I have a friend with the same outlook as you, he simply cannot play games on his PC anymore, since he considers it his ‘work machine’. Now he plays solely games on consoles, when he needs a break from his computer. Which I find completely perplexing, since both the PC and the console are in the same room, only a couple of meters away from each other, and in both cases you end up staring at a screen for hours.
I really don’t get console gaming, except maybe being forced into it by exclusive titles…

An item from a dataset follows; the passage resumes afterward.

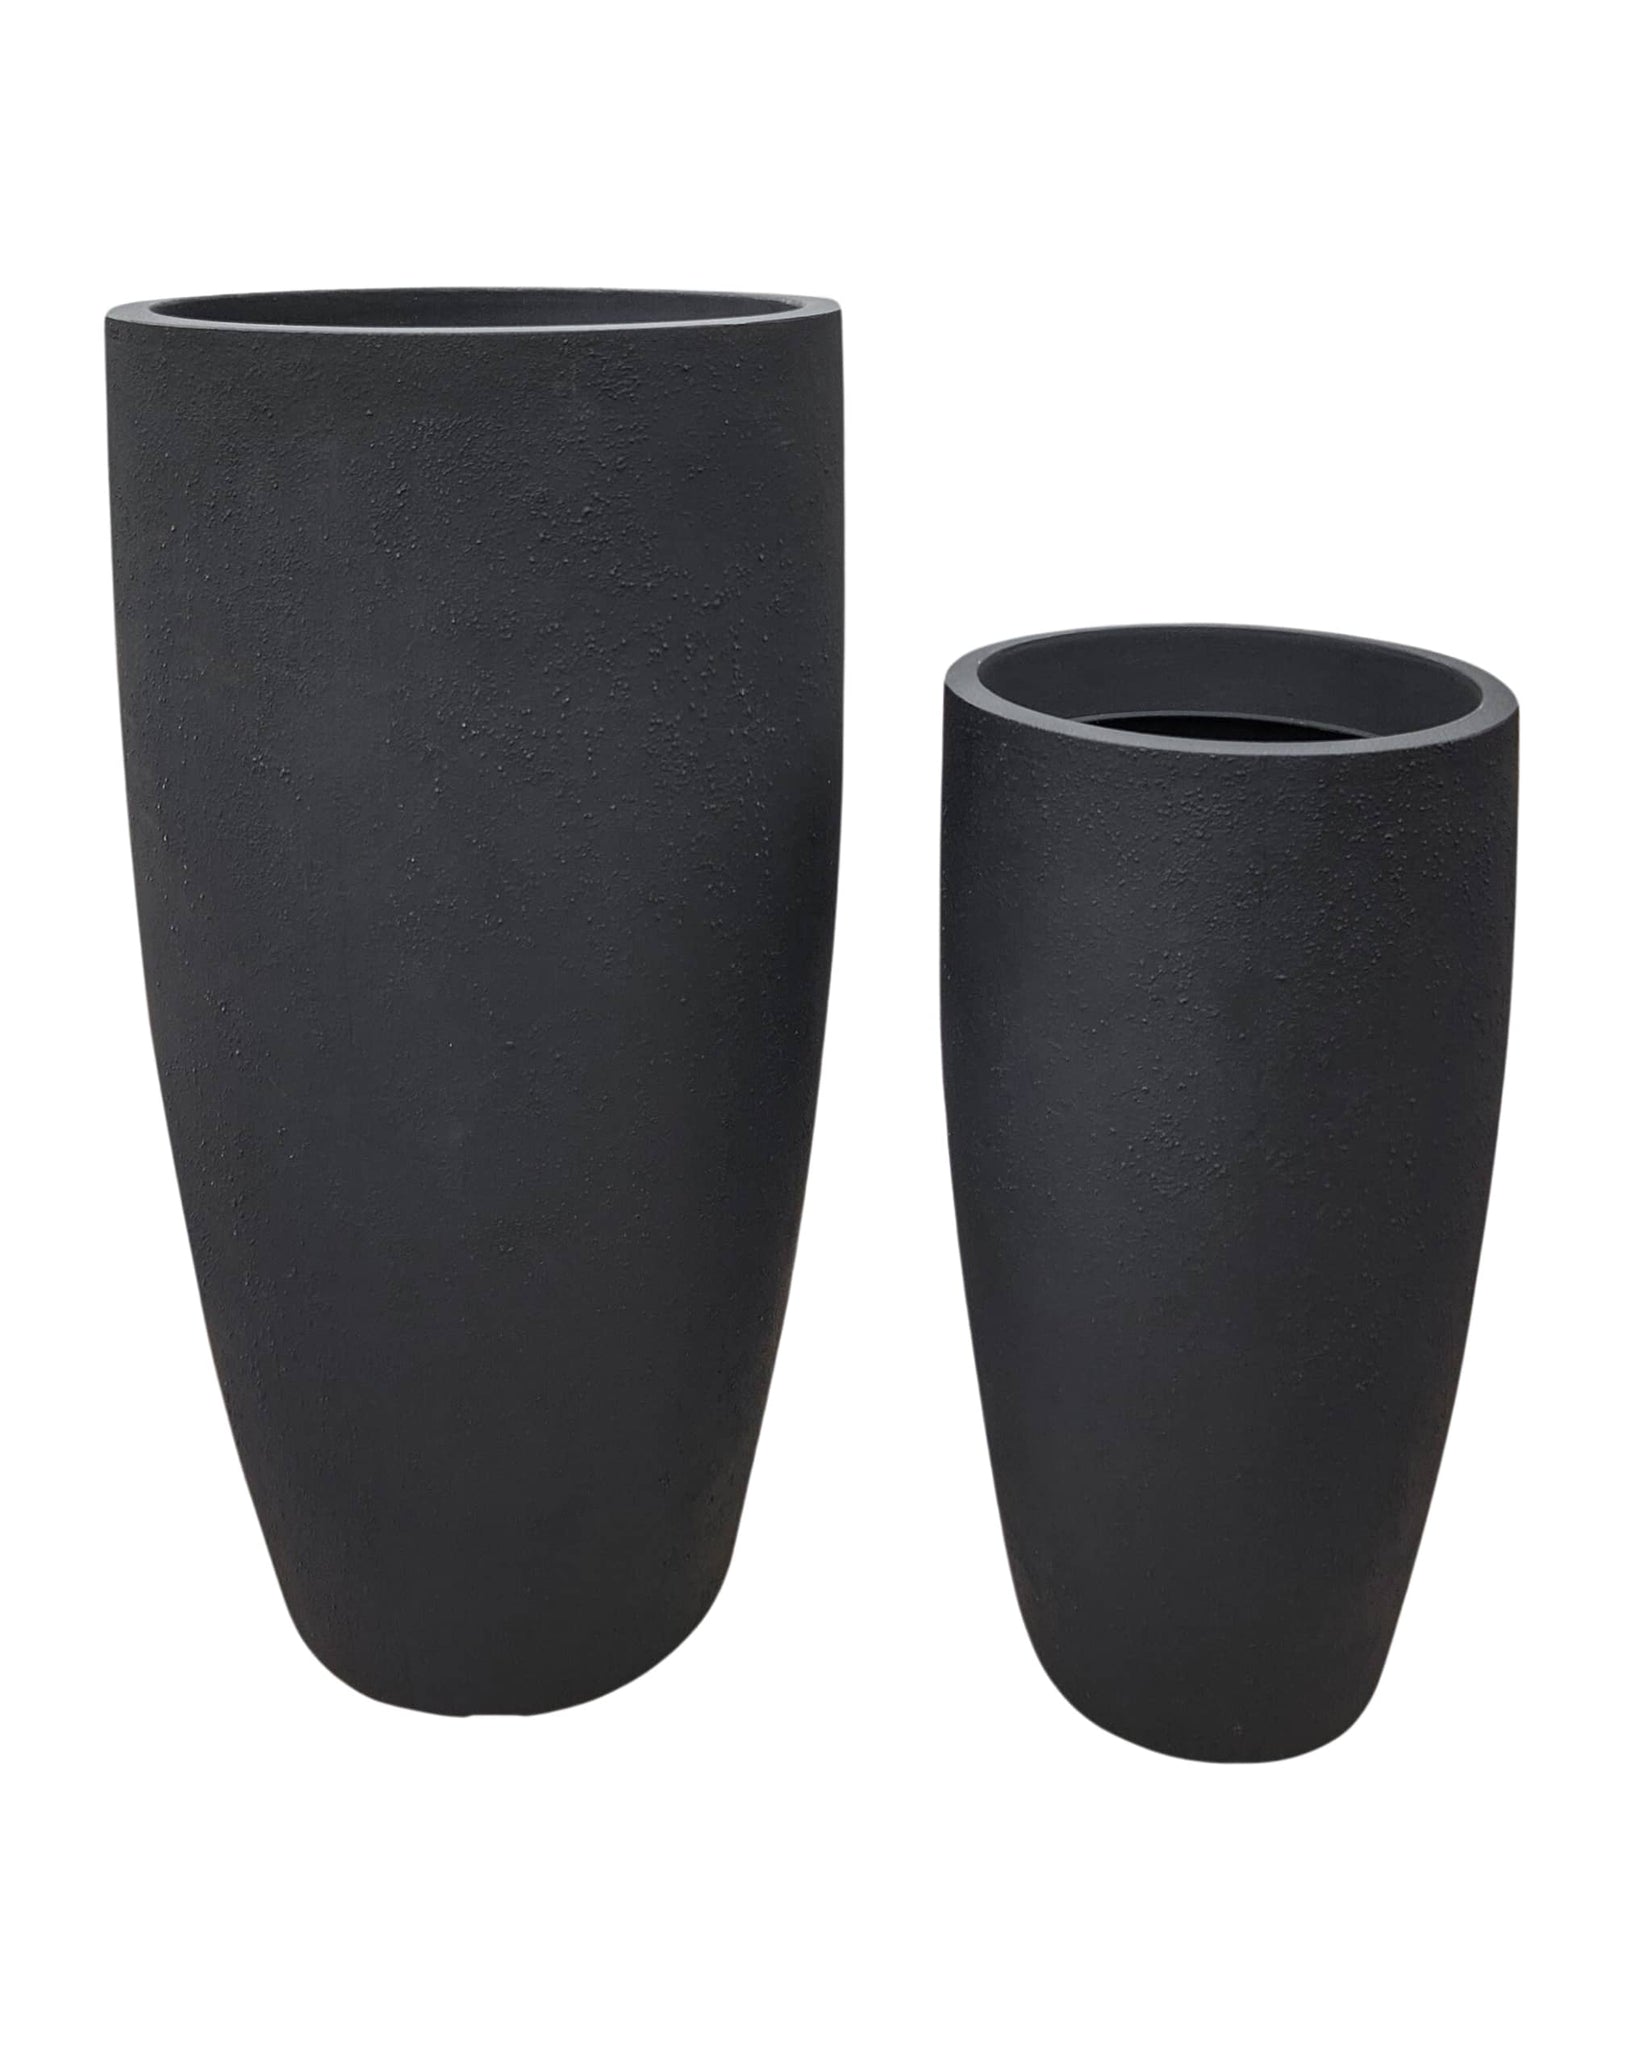 A slimline, modern statement planter by Japi that adds extra height and décor interest, bringing style into your architectural space. Textured finish. Florastyle by HIngham
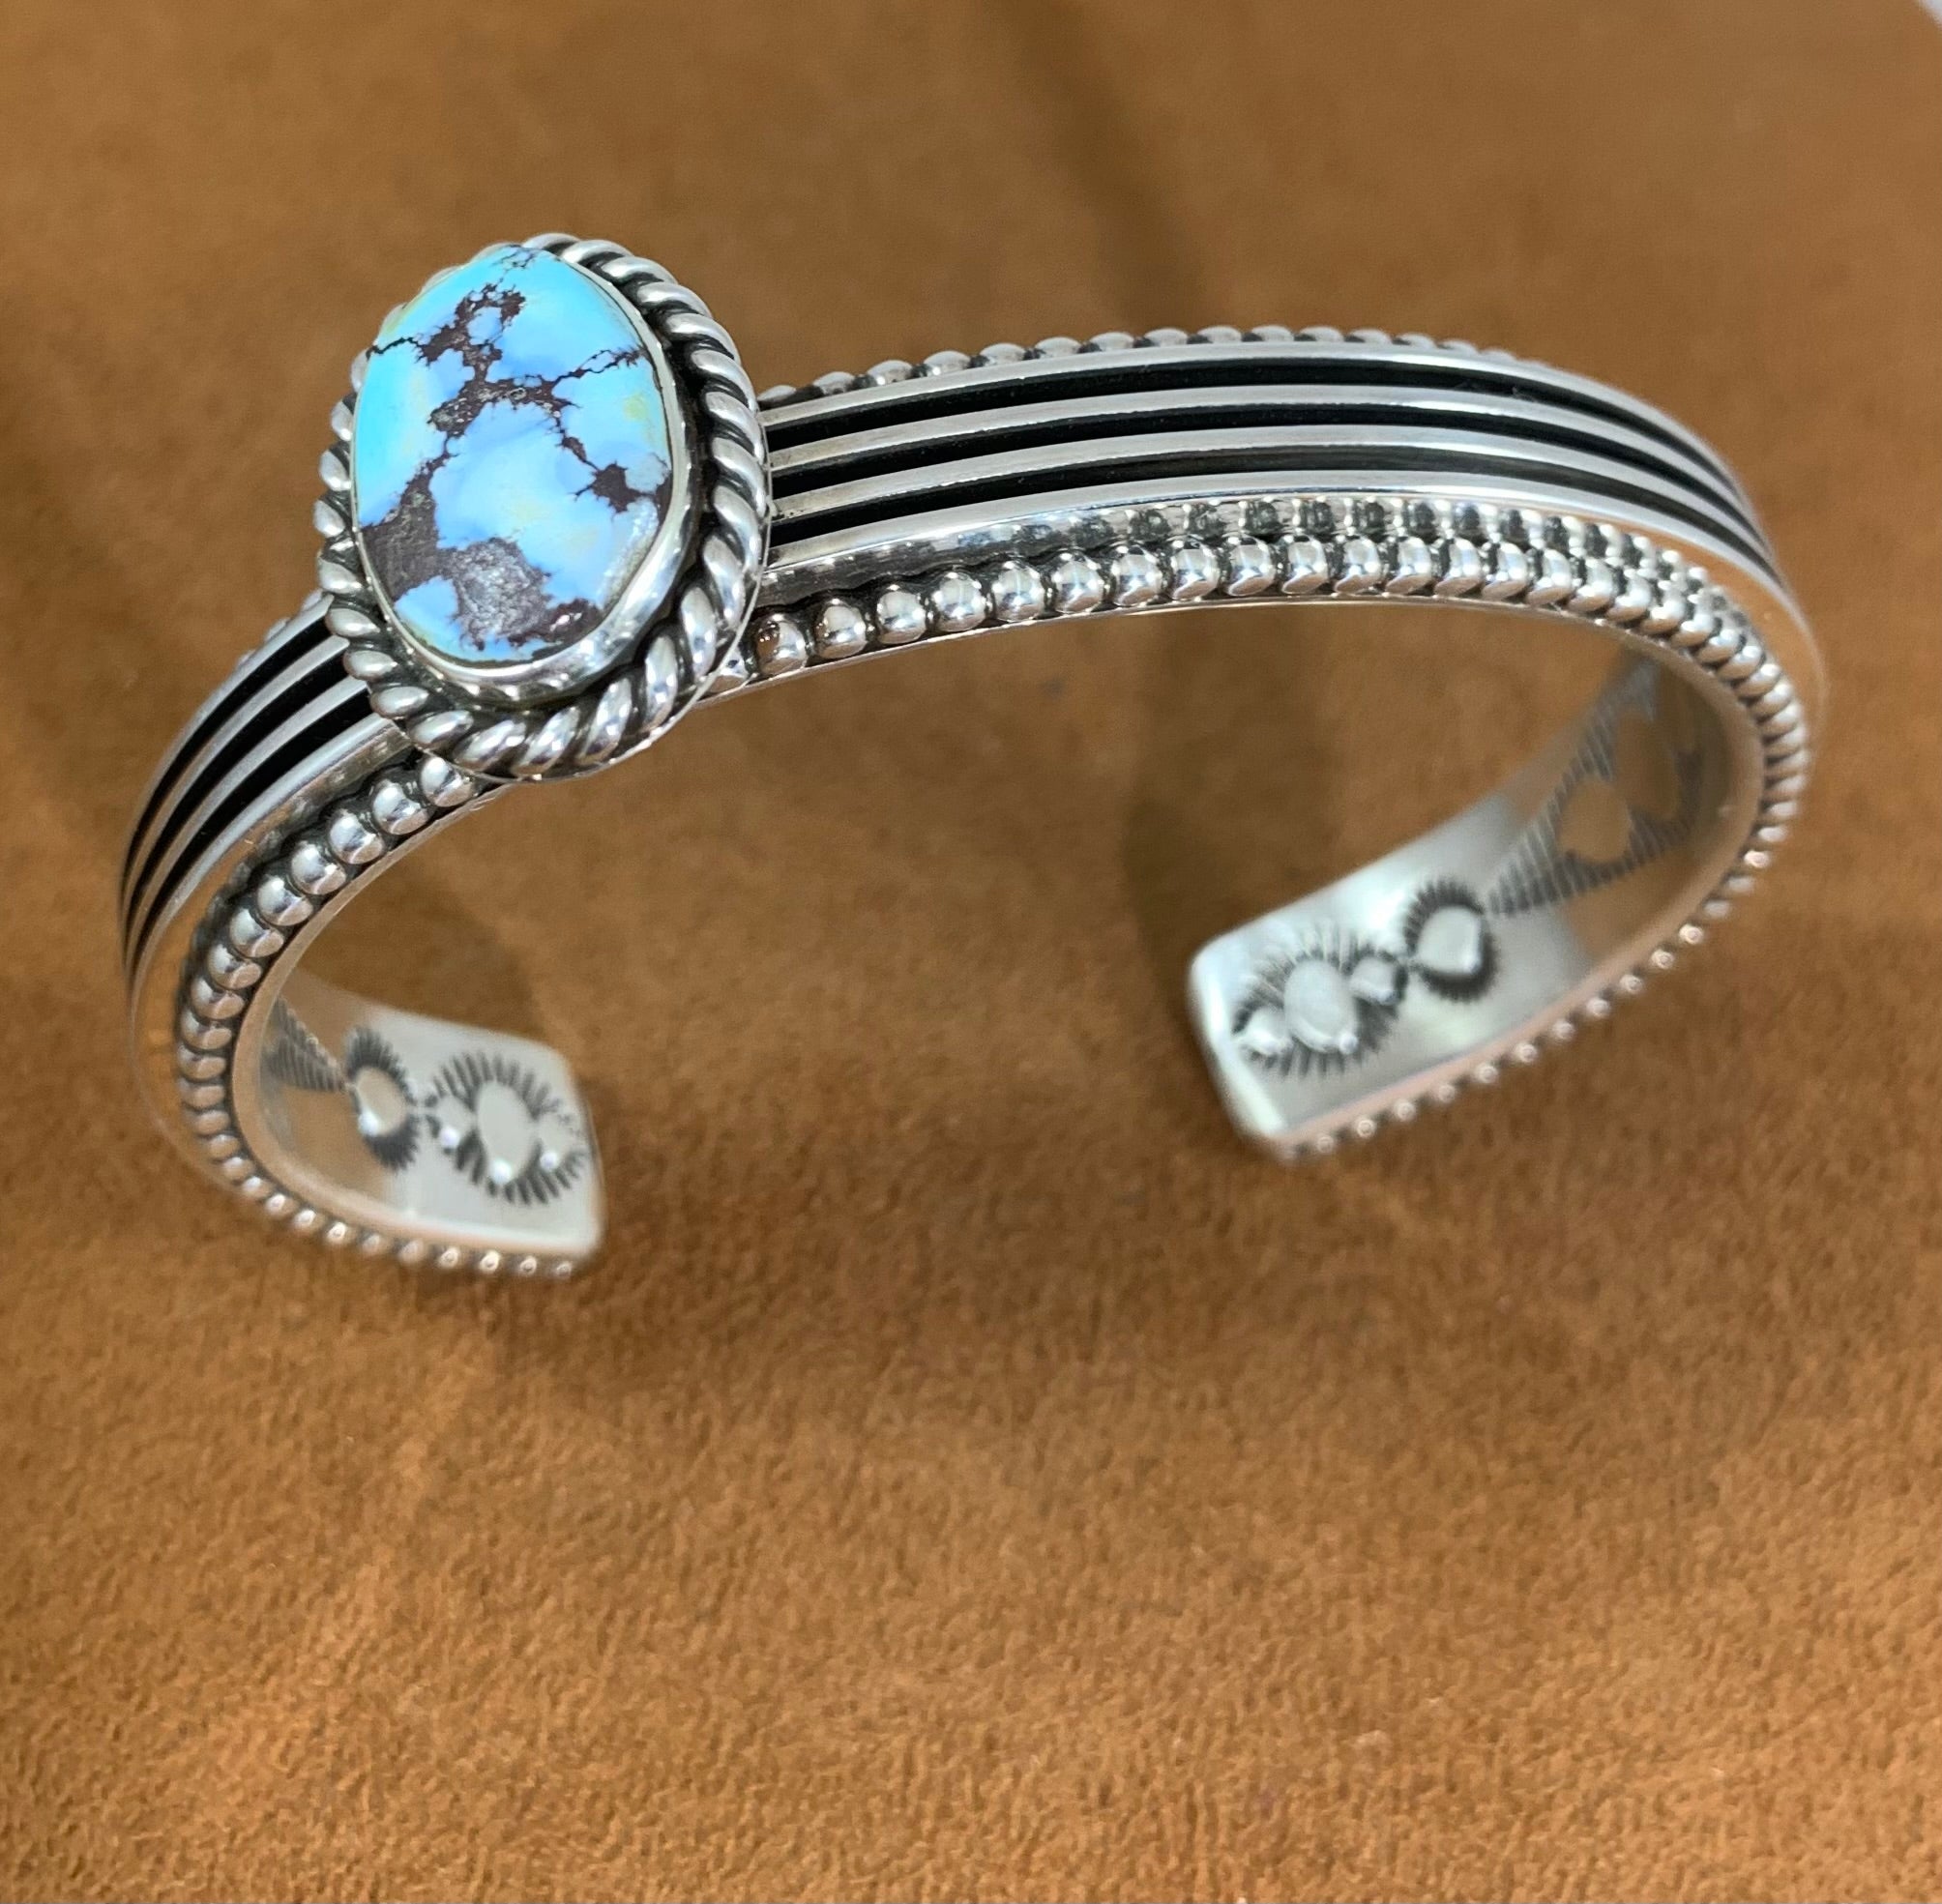 "With a Side of Beauty" Golden Hills Turquoise Cuff by Jeanette Nelson.

@Tithian — Well I can’t speak for your friend of course, but in my case the consoles are downstairs in the living room and the work/gaming PC is upstairs in my office. When you work from home, you sit in your chair for 8+ hours/day. You don’t get up and go over to a colleague’s desk to talk over a problem, you don’t get up and go to a meeting. Everything you do, you do sitting in that one spot. No one should spend more than 40-50 hours/week with their ass in a single chair!! LOL
But even aside from that, you start to mentally associate being at that PC with being at work. So when I sit down to that computer without even thinking I check in on work email, check in with slack, check in with our project tracking software. And if there’s a problem I’ll either start working on it, or tell myself “The heck with it, I’m off the clock!” and try to ignore it but it’ll be sitting in the back of my brain tormenting me until I go and fix it.
If I had the space to set up a desk with a ‘work machine’ and another desk with a ‘gaming machine’ I don’t think it’d be an issue. My gaming machine wouldn’t have the tools I need to do work. I wouldn’t have the work email account logged in on it. Stuff like that. If I had the space for that I think I could still enjoy PC gaming.